- _RECORDED INFORMATION_:
.....

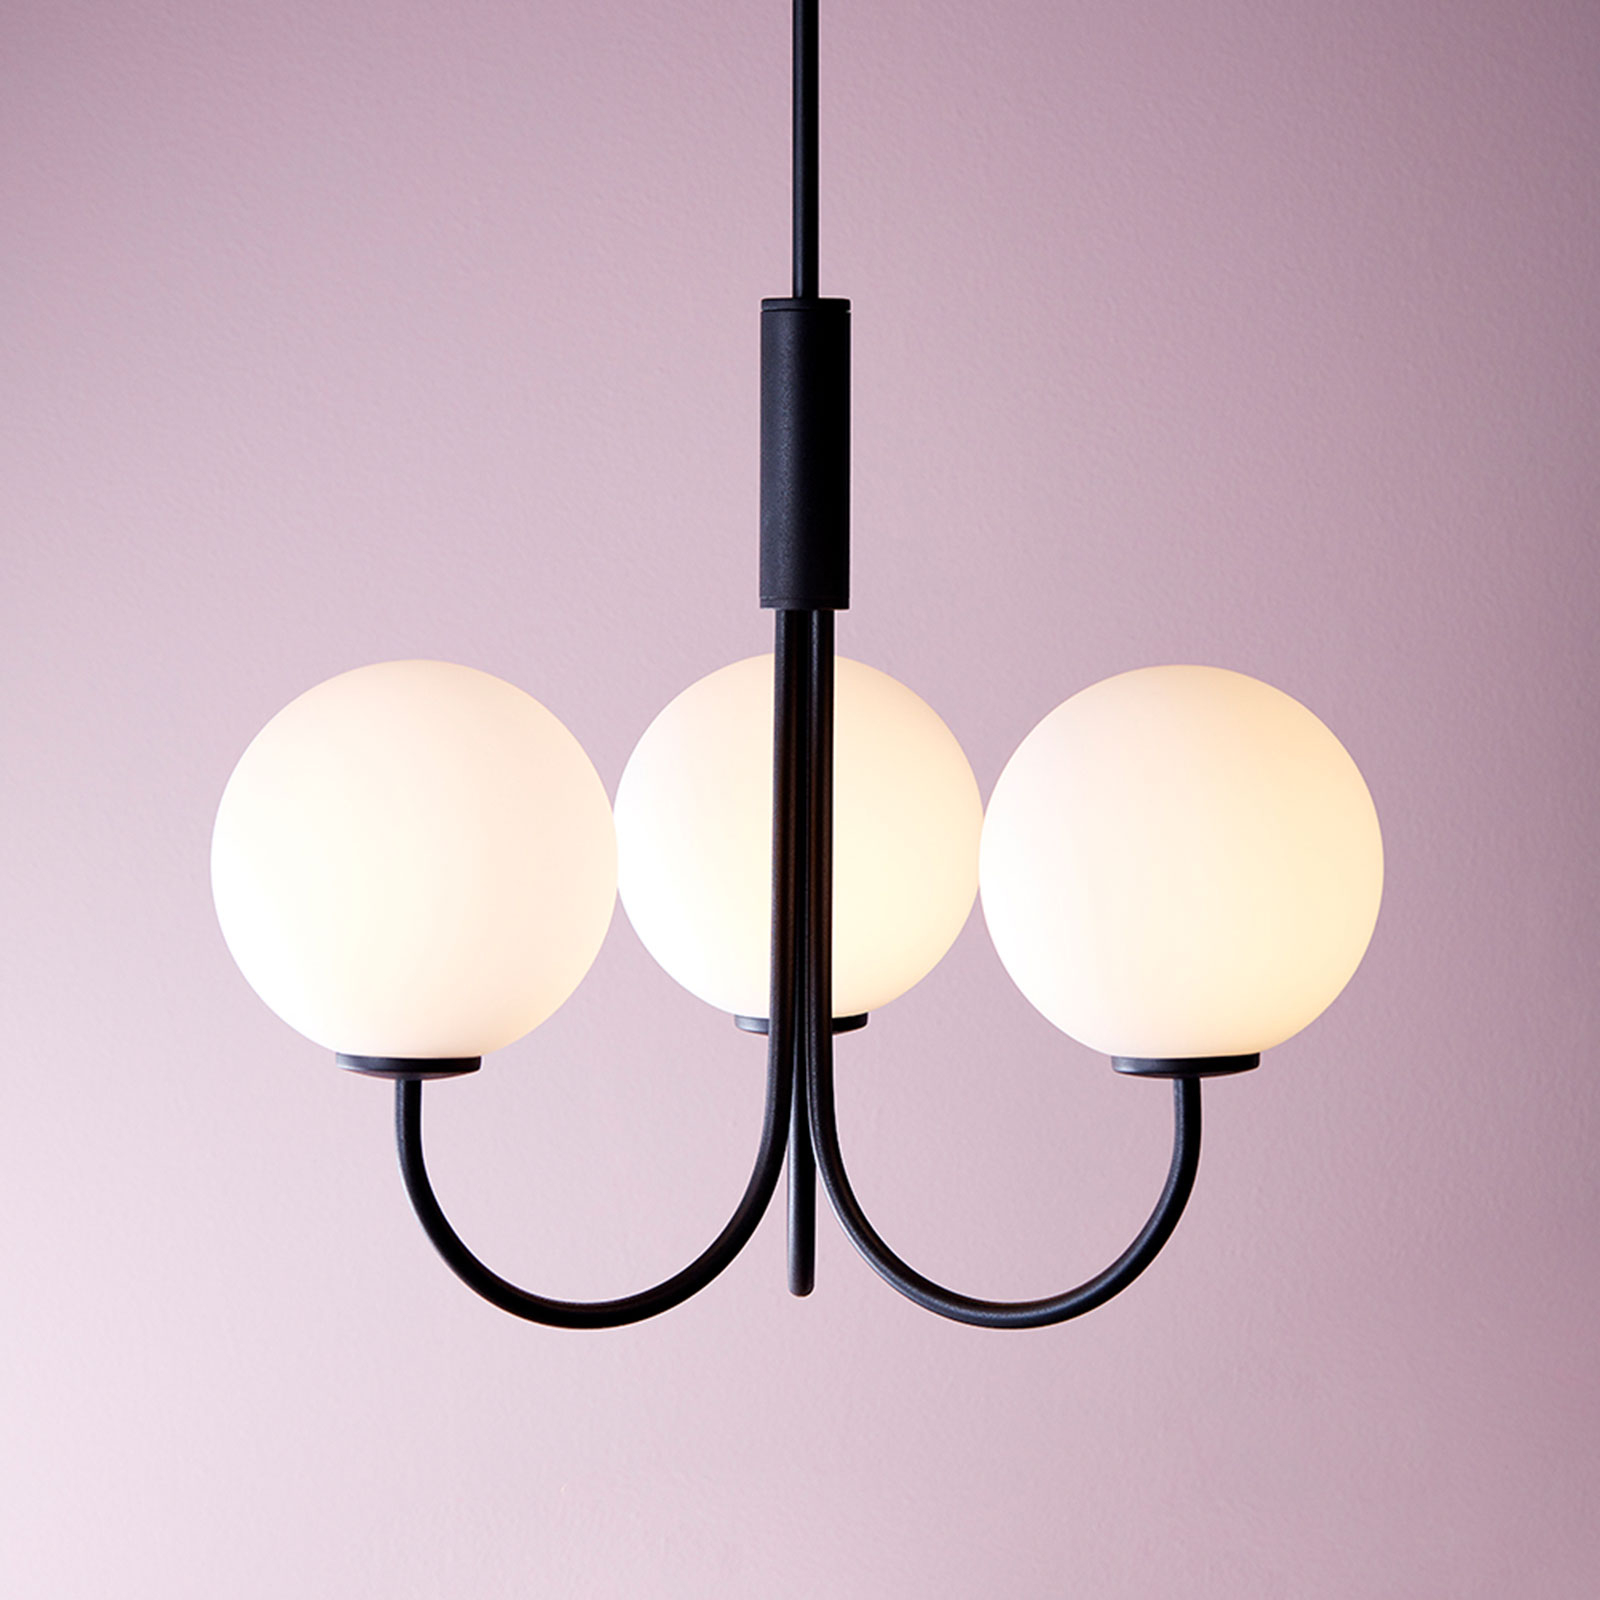 Lysekrone Ballon med bryter, 3 lyskilder, svart
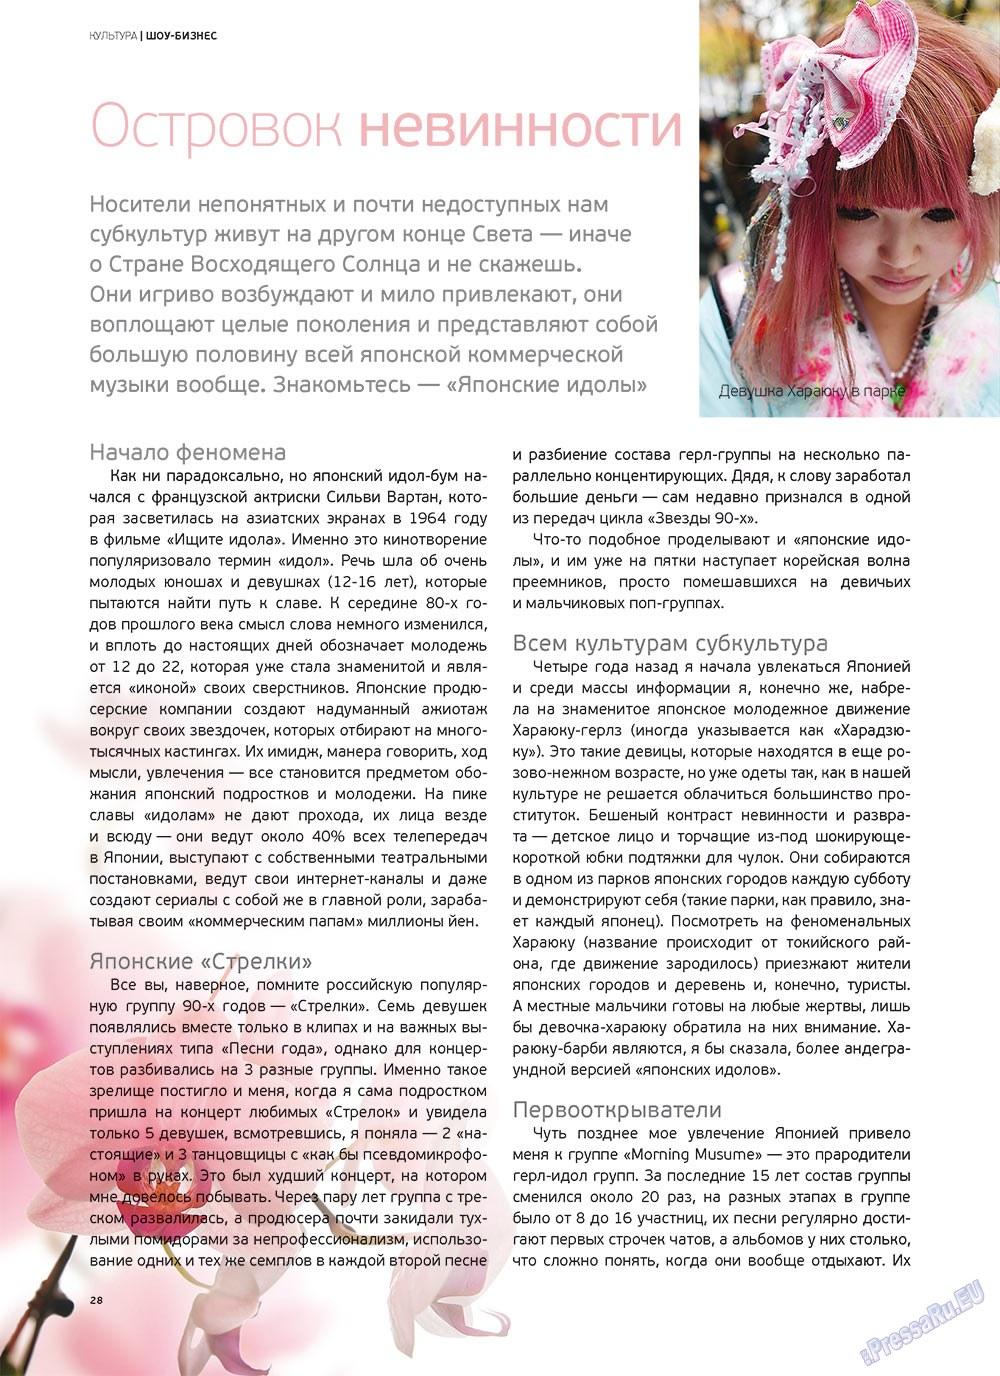 Артек (журнал). 2011 год, номер 6, стр. 30
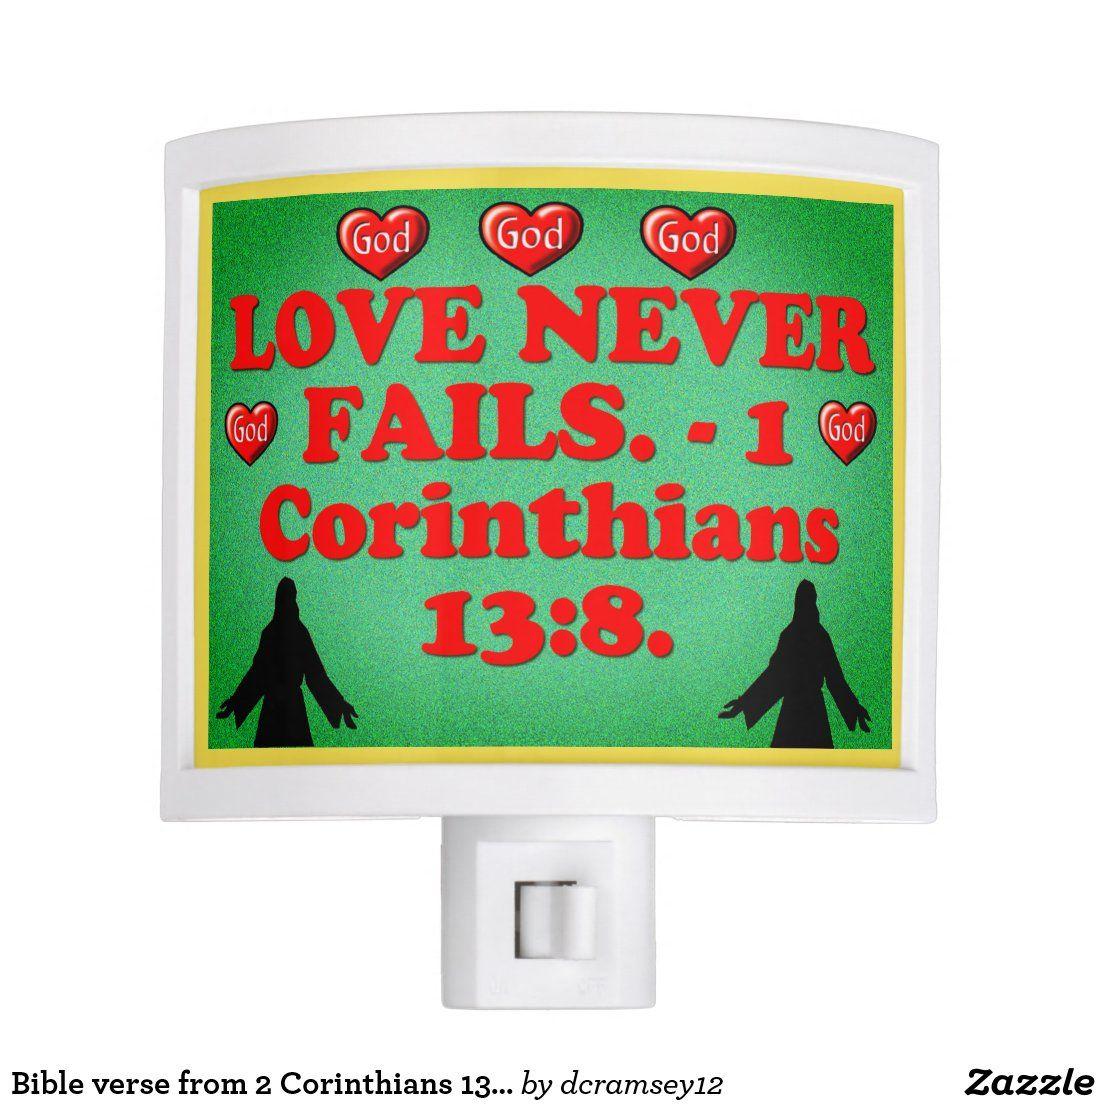 LOVE NEVER FAILS. - 1 Corinthians 13:8. Night Light.
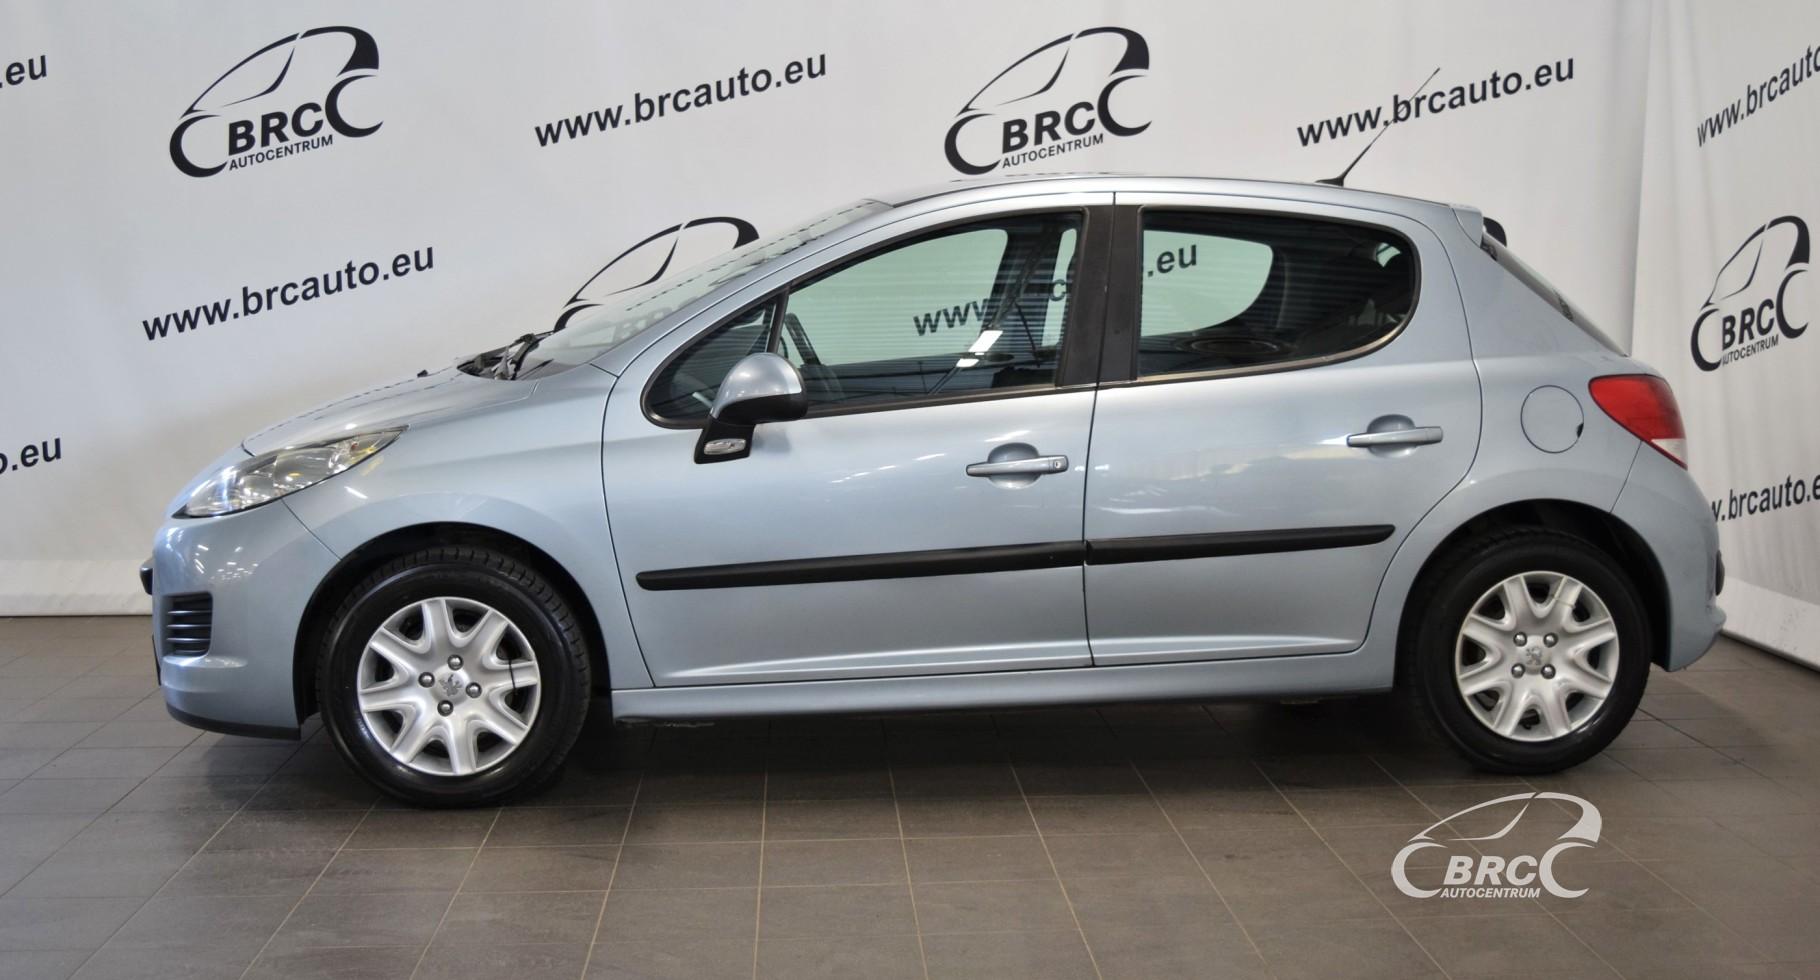 Peugeot 207 HDi M/T

.....

- _PROBLEM TO WORK ON_: Give the lines from the one containing "LOVE NEVER FAILS." through the final line of the material again, exactly and in full, but without pictures.

- _ANSWER FOR THE TASK_:
 LOVE NEVER FAILS. - 1 Corinthians 13:8. Night Light.
 Peugeot 207 HDi M/T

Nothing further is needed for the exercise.